● Saved entries
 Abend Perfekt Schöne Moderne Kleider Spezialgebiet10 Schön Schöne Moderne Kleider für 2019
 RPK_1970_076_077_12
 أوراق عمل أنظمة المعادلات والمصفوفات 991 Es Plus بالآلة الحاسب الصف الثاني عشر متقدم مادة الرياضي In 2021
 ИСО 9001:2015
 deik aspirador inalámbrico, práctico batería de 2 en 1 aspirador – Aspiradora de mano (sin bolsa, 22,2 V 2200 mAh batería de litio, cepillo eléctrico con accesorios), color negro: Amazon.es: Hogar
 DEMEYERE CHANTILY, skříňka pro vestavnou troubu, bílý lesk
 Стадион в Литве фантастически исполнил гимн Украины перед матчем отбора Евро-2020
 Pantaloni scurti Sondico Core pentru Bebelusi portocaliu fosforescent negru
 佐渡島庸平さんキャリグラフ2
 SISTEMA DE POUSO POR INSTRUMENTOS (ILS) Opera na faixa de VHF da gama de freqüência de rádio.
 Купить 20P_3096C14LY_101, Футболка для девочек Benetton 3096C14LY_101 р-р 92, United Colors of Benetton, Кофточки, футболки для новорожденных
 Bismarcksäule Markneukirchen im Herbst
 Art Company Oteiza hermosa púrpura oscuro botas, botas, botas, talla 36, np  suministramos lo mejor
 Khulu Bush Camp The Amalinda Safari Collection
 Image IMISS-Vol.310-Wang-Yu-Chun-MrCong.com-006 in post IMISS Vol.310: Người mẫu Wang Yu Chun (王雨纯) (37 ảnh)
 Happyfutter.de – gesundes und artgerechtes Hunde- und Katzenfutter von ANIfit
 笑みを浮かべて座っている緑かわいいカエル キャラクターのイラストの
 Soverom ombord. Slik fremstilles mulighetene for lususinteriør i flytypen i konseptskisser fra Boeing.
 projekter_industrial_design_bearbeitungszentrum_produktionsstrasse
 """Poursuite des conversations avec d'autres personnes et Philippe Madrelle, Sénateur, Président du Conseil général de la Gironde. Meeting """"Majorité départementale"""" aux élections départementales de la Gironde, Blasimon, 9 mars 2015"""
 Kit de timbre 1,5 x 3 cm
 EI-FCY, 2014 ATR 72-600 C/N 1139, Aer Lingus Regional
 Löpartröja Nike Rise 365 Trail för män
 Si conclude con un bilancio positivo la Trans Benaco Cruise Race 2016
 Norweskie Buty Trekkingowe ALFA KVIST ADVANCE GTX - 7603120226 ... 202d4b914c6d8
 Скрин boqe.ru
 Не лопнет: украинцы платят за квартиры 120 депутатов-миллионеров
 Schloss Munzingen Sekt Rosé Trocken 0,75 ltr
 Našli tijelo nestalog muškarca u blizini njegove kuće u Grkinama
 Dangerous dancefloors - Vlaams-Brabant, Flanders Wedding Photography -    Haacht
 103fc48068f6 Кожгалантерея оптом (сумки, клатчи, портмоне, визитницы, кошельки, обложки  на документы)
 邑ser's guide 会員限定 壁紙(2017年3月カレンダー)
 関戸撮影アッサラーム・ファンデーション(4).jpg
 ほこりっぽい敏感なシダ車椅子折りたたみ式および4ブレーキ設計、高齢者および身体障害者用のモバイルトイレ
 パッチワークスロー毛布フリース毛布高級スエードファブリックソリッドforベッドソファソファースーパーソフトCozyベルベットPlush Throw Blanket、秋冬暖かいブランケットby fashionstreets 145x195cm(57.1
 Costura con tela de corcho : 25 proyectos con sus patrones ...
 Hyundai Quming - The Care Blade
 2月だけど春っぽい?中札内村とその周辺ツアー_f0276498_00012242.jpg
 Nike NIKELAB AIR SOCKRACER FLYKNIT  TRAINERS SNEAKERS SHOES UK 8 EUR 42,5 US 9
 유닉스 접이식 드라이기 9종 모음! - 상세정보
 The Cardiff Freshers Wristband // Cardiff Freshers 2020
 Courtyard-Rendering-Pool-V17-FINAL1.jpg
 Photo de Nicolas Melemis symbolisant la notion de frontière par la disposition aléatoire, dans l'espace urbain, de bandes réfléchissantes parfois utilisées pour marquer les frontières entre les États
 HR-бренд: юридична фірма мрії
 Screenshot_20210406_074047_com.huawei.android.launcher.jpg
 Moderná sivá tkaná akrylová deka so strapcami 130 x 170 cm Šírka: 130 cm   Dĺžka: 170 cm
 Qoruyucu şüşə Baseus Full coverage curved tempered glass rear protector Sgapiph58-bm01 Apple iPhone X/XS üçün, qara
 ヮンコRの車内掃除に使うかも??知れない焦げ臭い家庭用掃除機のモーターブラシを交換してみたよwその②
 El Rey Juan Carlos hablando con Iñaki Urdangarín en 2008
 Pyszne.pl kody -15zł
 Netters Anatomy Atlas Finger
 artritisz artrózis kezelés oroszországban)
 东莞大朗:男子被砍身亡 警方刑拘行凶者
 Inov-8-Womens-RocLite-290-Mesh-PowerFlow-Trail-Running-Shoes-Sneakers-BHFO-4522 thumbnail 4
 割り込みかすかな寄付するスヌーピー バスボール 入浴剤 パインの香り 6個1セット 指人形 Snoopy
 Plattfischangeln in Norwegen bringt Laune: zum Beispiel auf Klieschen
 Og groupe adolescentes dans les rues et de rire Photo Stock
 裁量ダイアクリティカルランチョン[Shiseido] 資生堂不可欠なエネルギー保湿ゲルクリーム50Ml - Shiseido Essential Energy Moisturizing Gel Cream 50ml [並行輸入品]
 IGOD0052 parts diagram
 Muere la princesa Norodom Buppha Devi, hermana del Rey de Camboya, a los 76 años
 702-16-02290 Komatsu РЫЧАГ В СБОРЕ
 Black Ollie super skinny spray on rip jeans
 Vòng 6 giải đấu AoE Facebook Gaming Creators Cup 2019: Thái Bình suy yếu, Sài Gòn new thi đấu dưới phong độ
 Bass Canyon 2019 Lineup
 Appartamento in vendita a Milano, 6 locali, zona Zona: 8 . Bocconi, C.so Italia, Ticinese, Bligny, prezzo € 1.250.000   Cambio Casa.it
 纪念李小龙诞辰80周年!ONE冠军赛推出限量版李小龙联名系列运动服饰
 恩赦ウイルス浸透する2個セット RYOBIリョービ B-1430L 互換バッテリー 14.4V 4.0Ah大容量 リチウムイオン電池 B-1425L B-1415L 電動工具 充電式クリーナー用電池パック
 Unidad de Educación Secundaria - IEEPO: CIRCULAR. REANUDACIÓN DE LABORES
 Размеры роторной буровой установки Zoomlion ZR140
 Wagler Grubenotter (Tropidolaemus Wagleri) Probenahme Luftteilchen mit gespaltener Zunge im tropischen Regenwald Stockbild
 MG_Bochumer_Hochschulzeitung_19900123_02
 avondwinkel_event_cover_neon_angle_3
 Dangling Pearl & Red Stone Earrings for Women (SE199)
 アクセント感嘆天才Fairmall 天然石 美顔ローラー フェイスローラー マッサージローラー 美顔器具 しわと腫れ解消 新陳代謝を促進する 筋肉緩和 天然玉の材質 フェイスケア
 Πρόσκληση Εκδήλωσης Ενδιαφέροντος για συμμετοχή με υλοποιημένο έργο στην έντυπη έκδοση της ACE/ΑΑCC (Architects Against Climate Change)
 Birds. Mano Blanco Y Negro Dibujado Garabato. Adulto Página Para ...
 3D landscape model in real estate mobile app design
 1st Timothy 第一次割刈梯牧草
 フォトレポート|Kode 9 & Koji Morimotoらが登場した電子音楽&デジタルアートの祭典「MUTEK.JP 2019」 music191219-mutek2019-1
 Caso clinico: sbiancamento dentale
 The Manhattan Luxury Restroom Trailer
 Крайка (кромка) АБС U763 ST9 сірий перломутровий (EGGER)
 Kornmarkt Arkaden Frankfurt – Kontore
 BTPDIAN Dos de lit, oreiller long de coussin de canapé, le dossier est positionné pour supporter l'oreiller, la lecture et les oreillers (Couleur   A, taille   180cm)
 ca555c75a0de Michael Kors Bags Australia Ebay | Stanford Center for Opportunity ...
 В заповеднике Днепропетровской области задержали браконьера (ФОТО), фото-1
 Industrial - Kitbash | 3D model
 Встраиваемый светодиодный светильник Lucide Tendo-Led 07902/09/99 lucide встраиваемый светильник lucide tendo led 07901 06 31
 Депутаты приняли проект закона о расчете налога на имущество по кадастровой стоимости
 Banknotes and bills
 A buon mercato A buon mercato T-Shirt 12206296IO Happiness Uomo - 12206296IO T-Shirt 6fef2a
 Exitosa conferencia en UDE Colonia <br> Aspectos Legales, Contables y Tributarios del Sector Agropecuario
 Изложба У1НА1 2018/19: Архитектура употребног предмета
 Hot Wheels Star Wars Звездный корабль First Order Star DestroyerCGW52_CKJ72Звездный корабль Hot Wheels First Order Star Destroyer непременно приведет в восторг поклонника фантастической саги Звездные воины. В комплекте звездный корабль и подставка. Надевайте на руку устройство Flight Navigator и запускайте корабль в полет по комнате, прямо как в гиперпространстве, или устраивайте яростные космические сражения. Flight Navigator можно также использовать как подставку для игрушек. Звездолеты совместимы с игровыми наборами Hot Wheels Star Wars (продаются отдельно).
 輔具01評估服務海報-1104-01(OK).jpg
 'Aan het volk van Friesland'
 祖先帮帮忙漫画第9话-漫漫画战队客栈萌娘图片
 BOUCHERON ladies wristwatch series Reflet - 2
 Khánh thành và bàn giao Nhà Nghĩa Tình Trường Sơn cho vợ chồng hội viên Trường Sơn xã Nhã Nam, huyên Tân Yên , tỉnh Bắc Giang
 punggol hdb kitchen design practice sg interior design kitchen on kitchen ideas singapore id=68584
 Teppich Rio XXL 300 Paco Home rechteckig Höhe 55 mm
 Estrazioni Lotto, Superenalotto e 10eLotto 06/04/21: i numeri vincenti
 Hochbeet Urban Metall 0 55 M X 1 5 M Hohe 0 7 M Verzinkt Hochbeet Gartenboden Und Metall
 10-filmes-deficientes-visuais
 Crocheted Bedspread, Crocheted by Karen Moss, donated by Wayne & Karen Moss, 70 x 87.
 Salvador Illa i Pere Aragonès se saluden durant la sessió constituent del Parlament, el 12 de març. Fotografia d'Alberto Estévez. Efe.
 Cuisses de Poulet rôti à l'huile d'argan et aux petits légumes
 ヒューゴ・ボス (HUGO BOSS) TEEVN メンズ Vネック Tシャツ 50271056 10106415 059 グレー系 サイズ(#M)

● TRY IT
Give only the lines from the one holding "Hyundai Quming - The Care Blade" through the one holding "Moderná sivá tkaná", each restated exactly as it appears above.

● COMPLETED TASK
 Hyundai Quming - The Care Blade
 2月だけど春っぽい?中札内村とその周辺ツアー_f0276498_00012242.jpg
 Nike NIKELAB AIR SOCKRACER FLYKNIT  TRAINERS SNEAKERS SHOES UK 8 EUR 42,5 US 9
 유닉스 접이식 드라이기 9종 모음! - 상세정보
 The Cardiff Freshers Wristband // Cardiff Freshers 2020
 Courtyard-Rendering-Pool-V17-FINAL1.jpg
 Photo de Nicolas Melemis symbolisant la notion de frontière par la disposition aléatoire, dans l'espace urbain, de bandes réfléchissantes parfois utilisées pour marquer les frontières entre les États
 HR-бренд: юридична фірма мрії
 Screenshot_20210406_074047_com.huawei.android.launcher.jpg
 Moderná sivá tkaná akrylová deka so strapcami 130 x 170 cm Šírka: 130 cm   Dĺžka: 170 cm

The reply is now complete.